Milkweed fairies due for a comeback
Make a wish, blow it free.
What kid in America didn’t grow up chasing milkweed fairies? The hairy white seeds floated, bobbled, and danced across the grass while the neighborhood children delighted in catching the elusive prize. Once caught, you cupped it in your hands, made a wish, and blew it free. It tumbled out on a summer breeze and drifted to wherever.
Kids? I still catch milkweed fairies and I’m plenty old enough to know better.
The problem is this—there just aren’t as many milkweed seeds floating around as there used to be. For some reason we like to see more “refined” perennials growing along our fences, roadsides and utility easements. But that’s a bias that’s hurting the pollinators—especially the milkweed butterflies such as the monarch.

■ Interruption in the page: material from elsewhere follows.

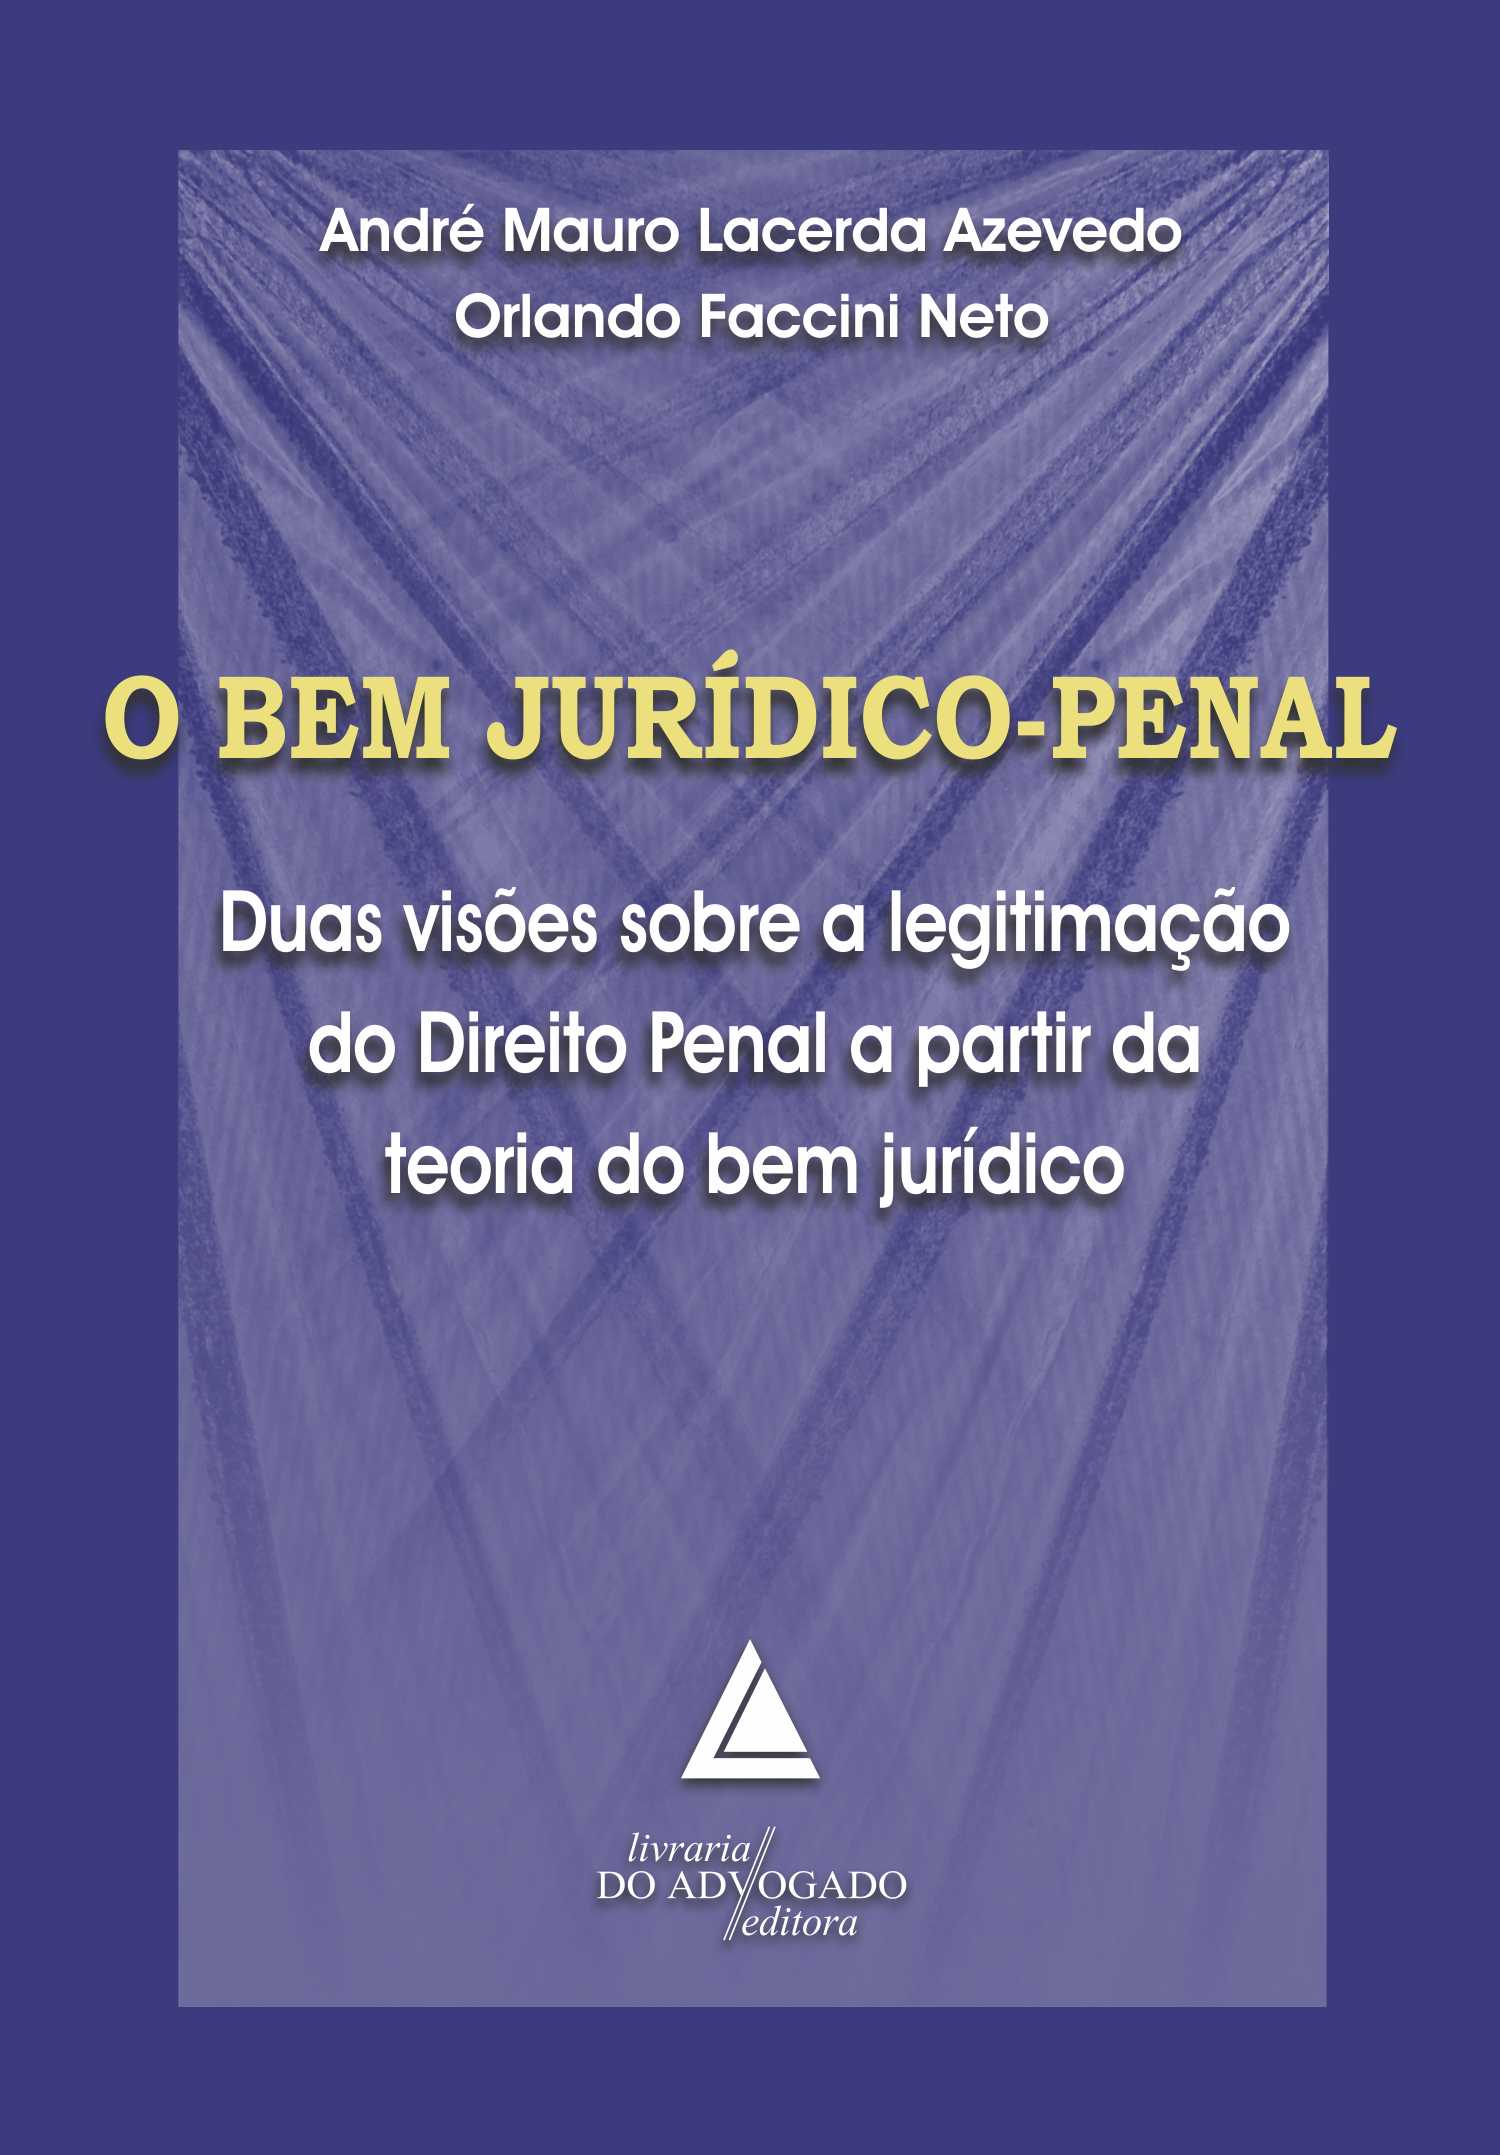 BEM JURIDICO-PENAL, O

The awe-inspiring monarch is completely dependent on milkweeds for survival. The larval stage eats the leaves of the milkweed and stores a portion of the poisonous sap in its tissues. This poison remains throughout the life cycle of the monarch, making it distasteful to predators. If we want to save the wondrous migrating monarchs, we have to save the milkweeds.
Milkweeds don’t deserve the “weed” part of their name. They are sturdy perennials that love the sun and can live in poor and rocky soils. Depending on the species, they grow from 2 to 6 feet high and make excellent low-maintenance border and landscape plants. The flowers come in an astonishing array of colors that includes white, green, pink, purple, and brilliant orange, and the seed pods make eye-catching dried arrangements.
The best part is that milkweeds attract not only monarchs but a panoply of pollinators including bees, other butterflies, and hummingbirds.
So put it on your list. Buy some milkweed seeds. The organizations below will provide free or low-cost milkweed seeds in a variety of colors that are especially attractive to monarchs. The sites contain useful planting and care instructions as well.
Go ahead. Plant them for the butterflies . . . plant them for the kids . . . plant them for the fairies. Then make a wish.